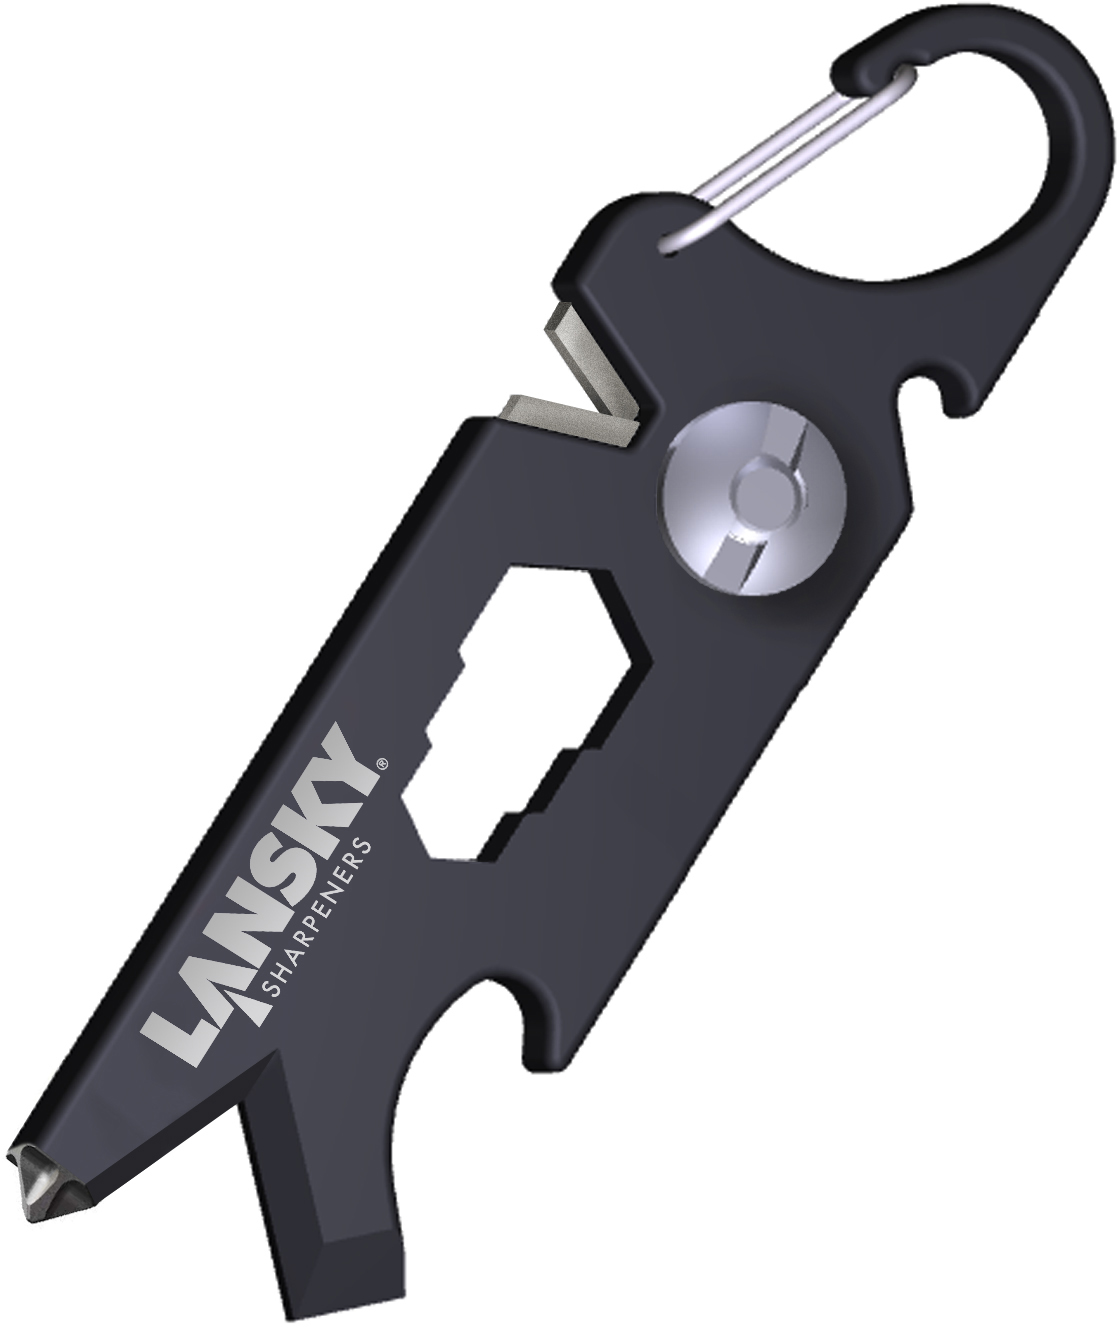 Lansky Universal Knife Sharpening System Bench Mount Aluminum
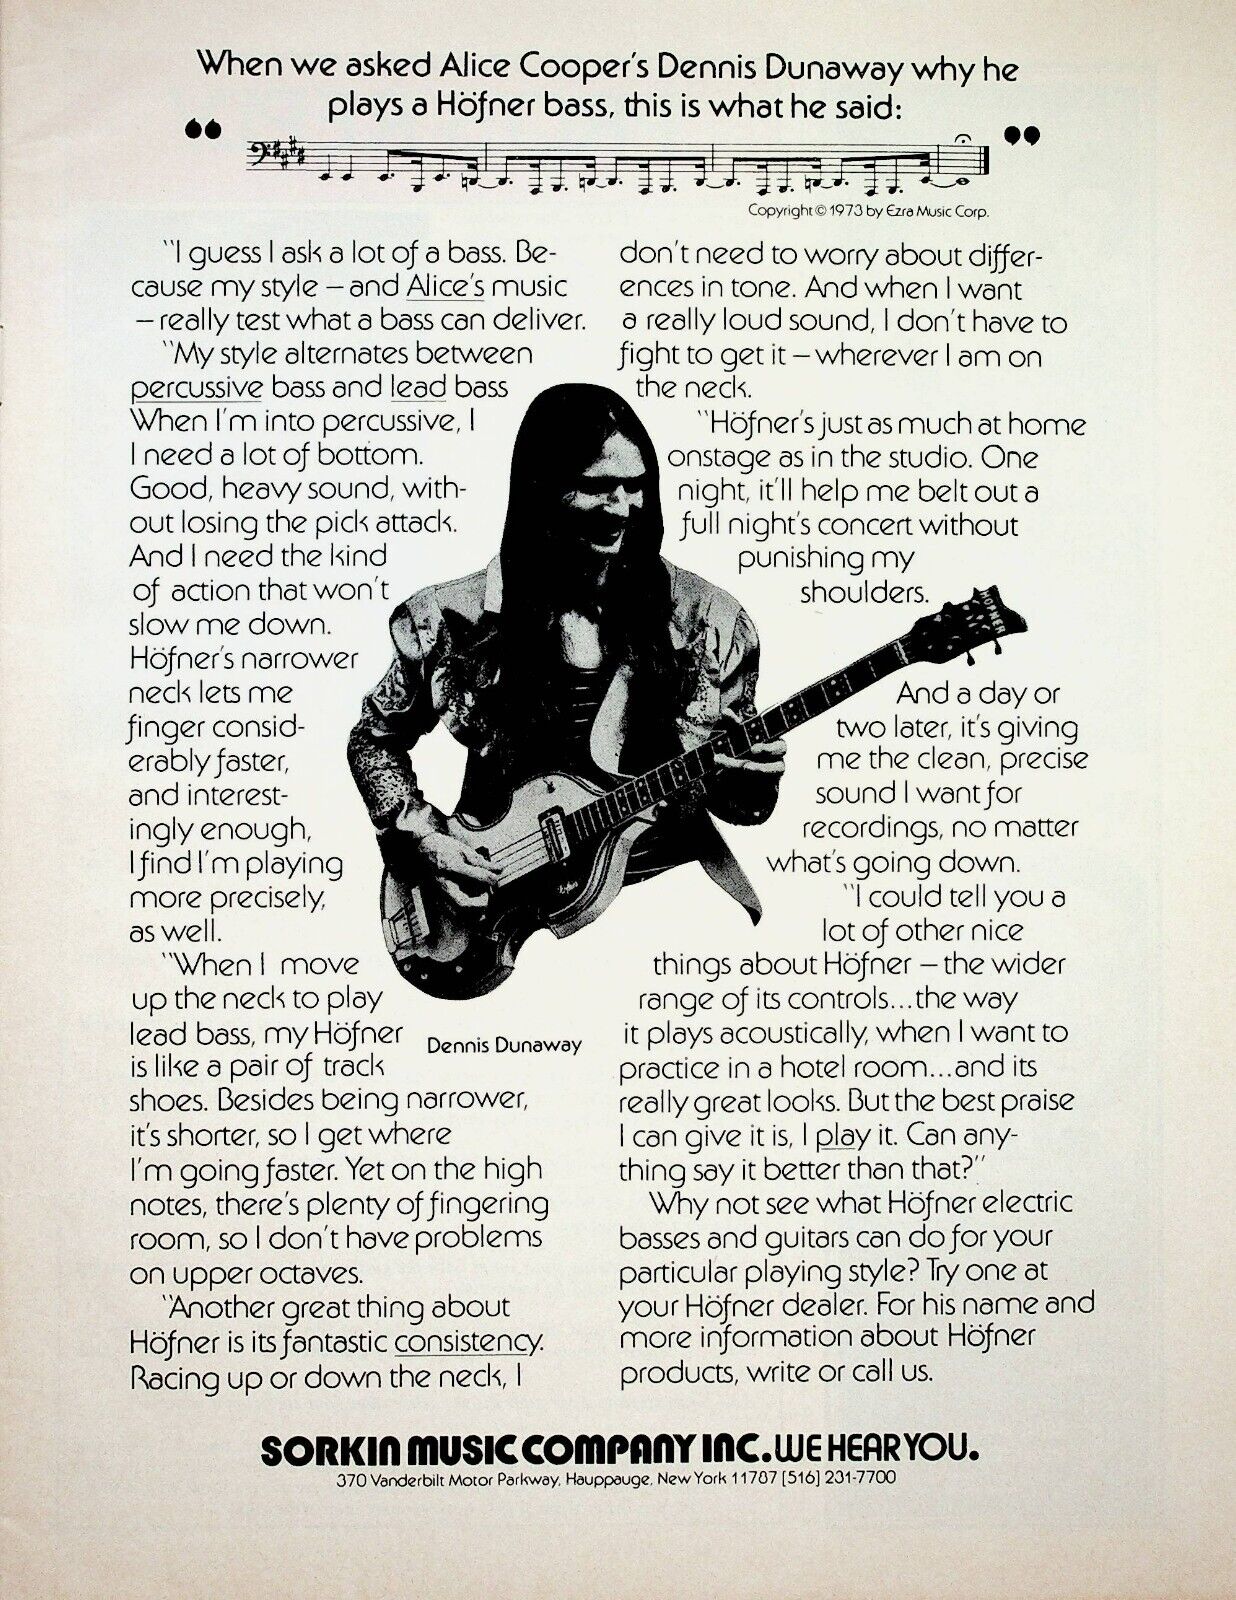 1974 Dennis Dunaway Alice Cooper  Hofner Bass Guitar - Vintage Advertisement
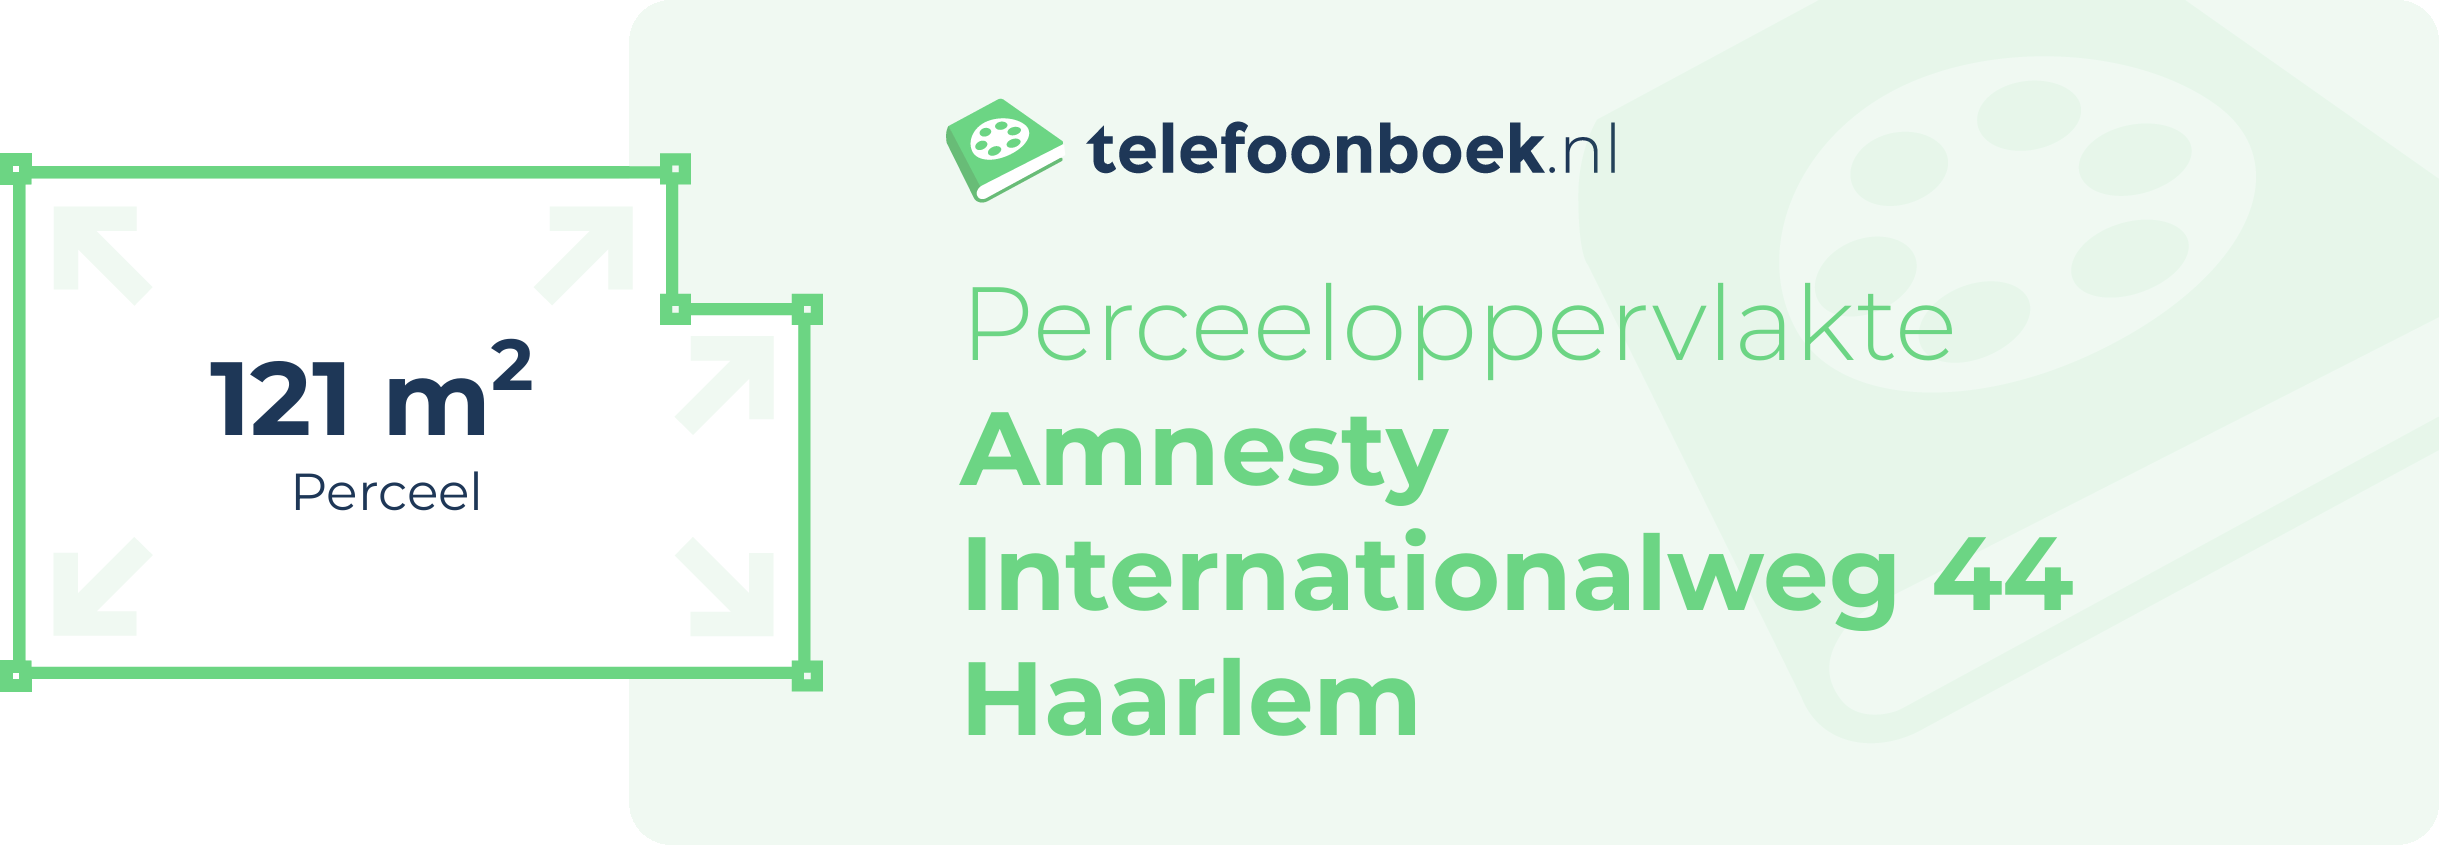 Perceeloppervlakte Amnesty Internationalweg 44 Haarlem

▶ _Activity_
Print the data word for word and omit the pictures.

▶ _Task result_
 Lansky Universal Knife Sharpening System Bench Mount Aluminum
 1974 Dennis Dunaway Alice Cooper  Hofner Bass Guitar - Vintage Advertisement
 Perceeloppervlakte Amnesty Internationalweg 44 Haarlem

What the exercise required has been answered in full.